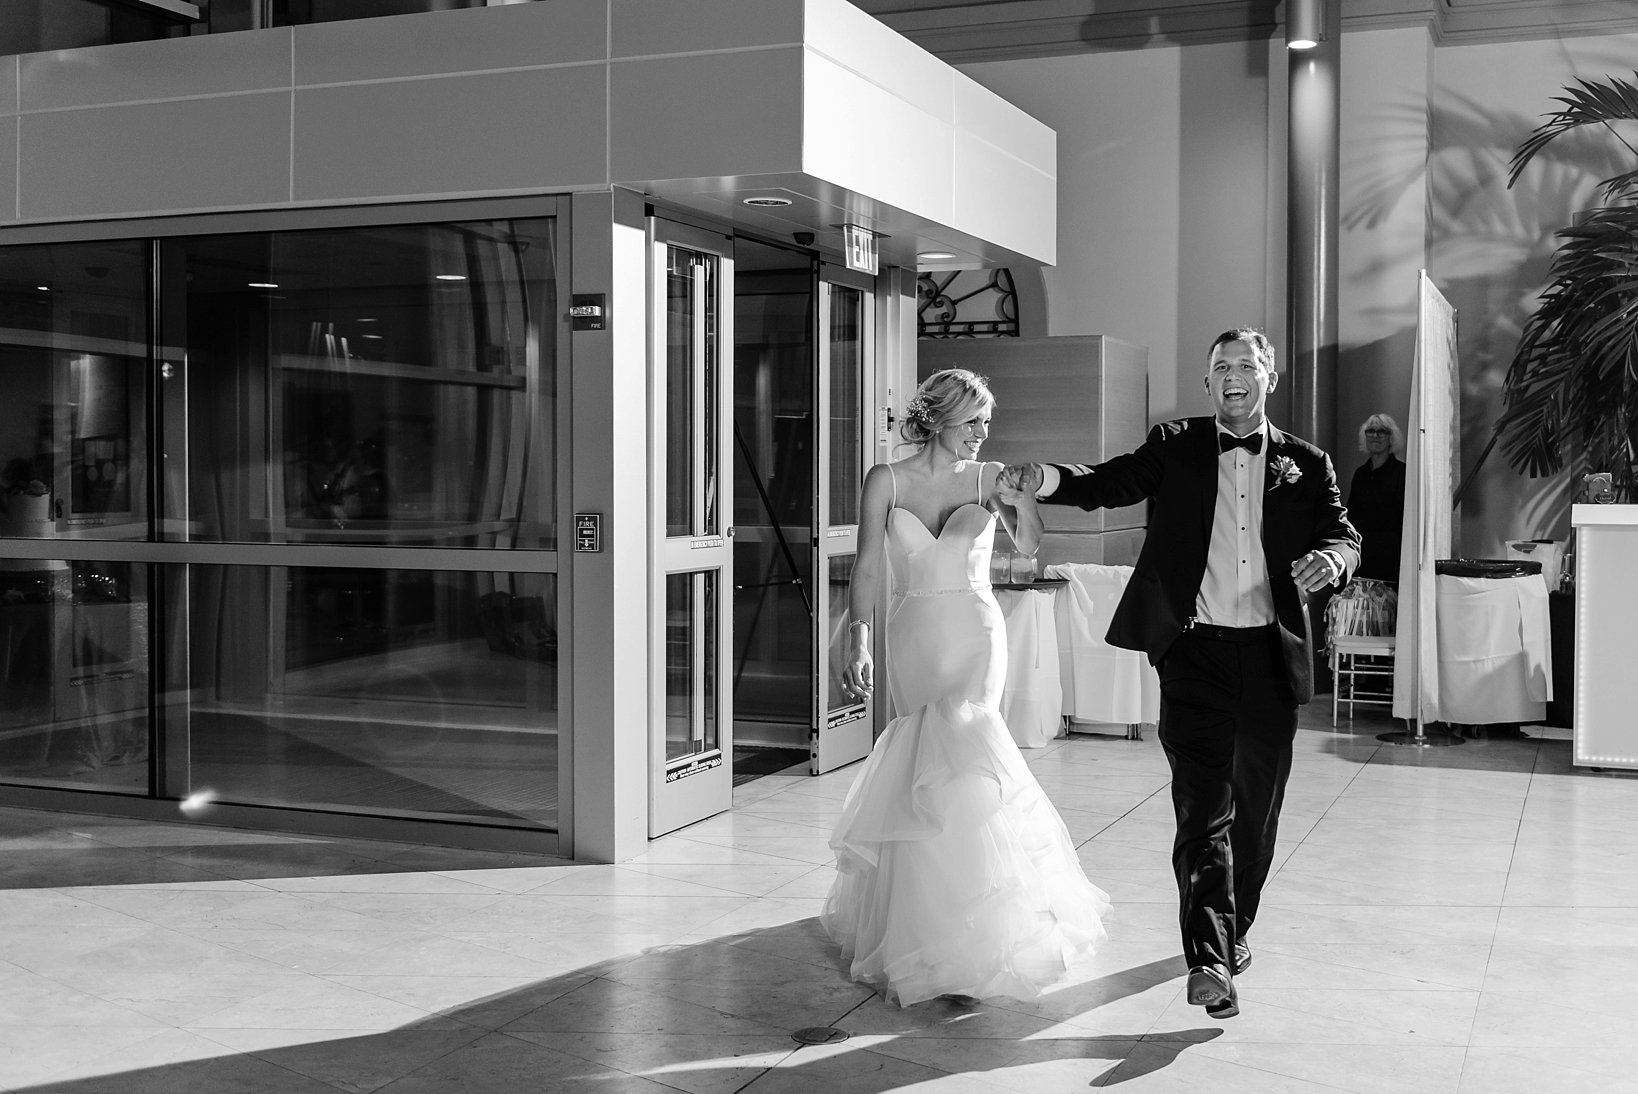 The Bride and Groom enter their reception dancing and laughing
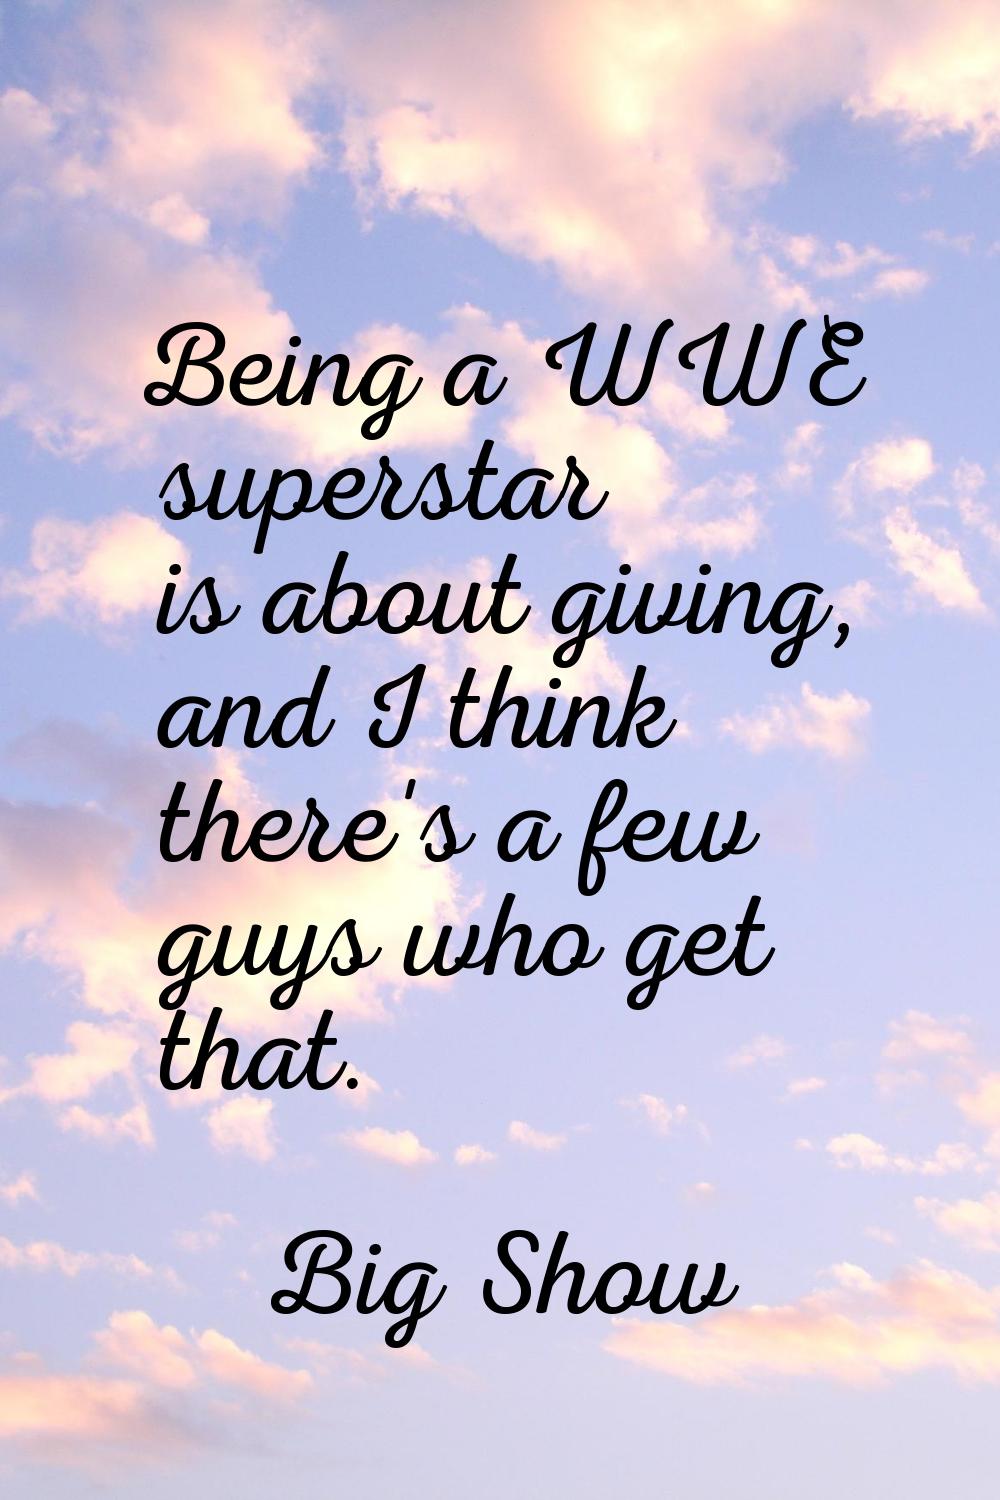 Being a WWE superstar is about giving, and I think there's a few guys who get that.
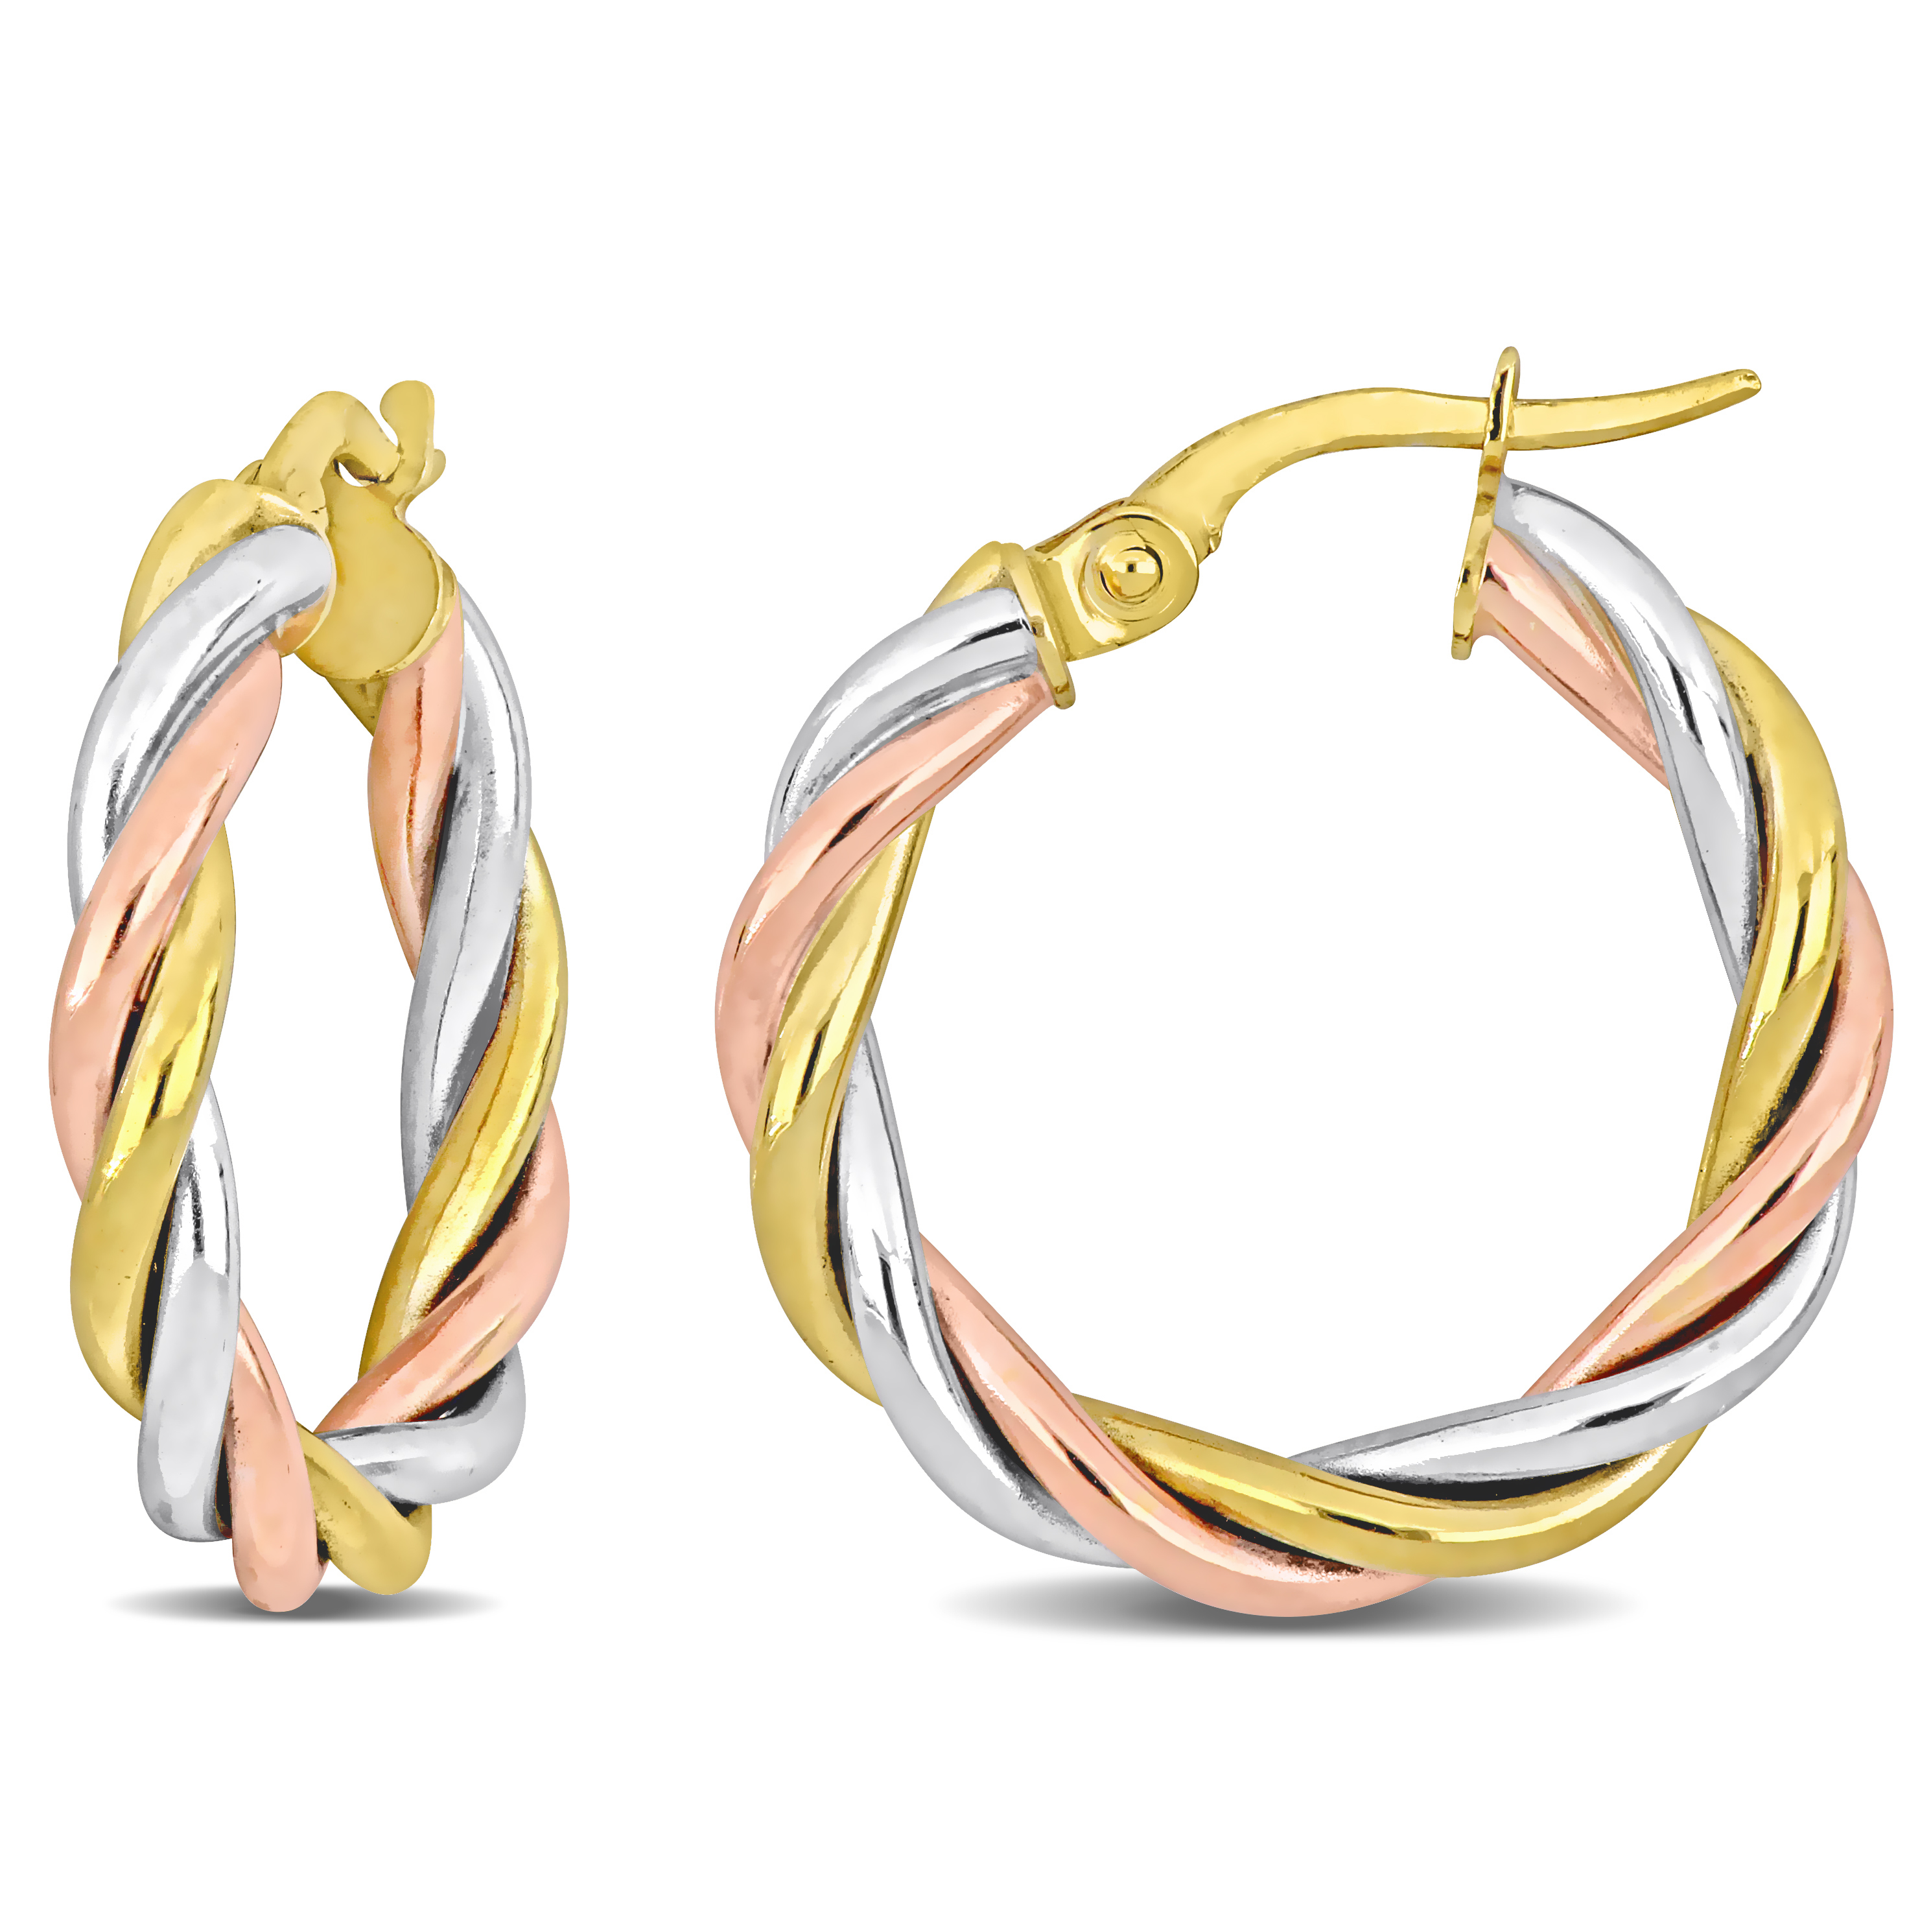 15.5 MM Twisted Hoop Earrings in 3-Tone 10k Yellow, Rose and White Gold
-------
- **WORK INSTRUCTION**: An exact copy of the data is required, with the pictures excluded.

- **EXERCISE OUTPUT**:
 The Bride and Groom enter their reception dancing and laughing
 Being a WWE superstar is about giving, and I think there's a few guys who get that.
 15.5 MM Twisted Hoop Earrings in 3-Tone 10k Yellow, Rose and White Gold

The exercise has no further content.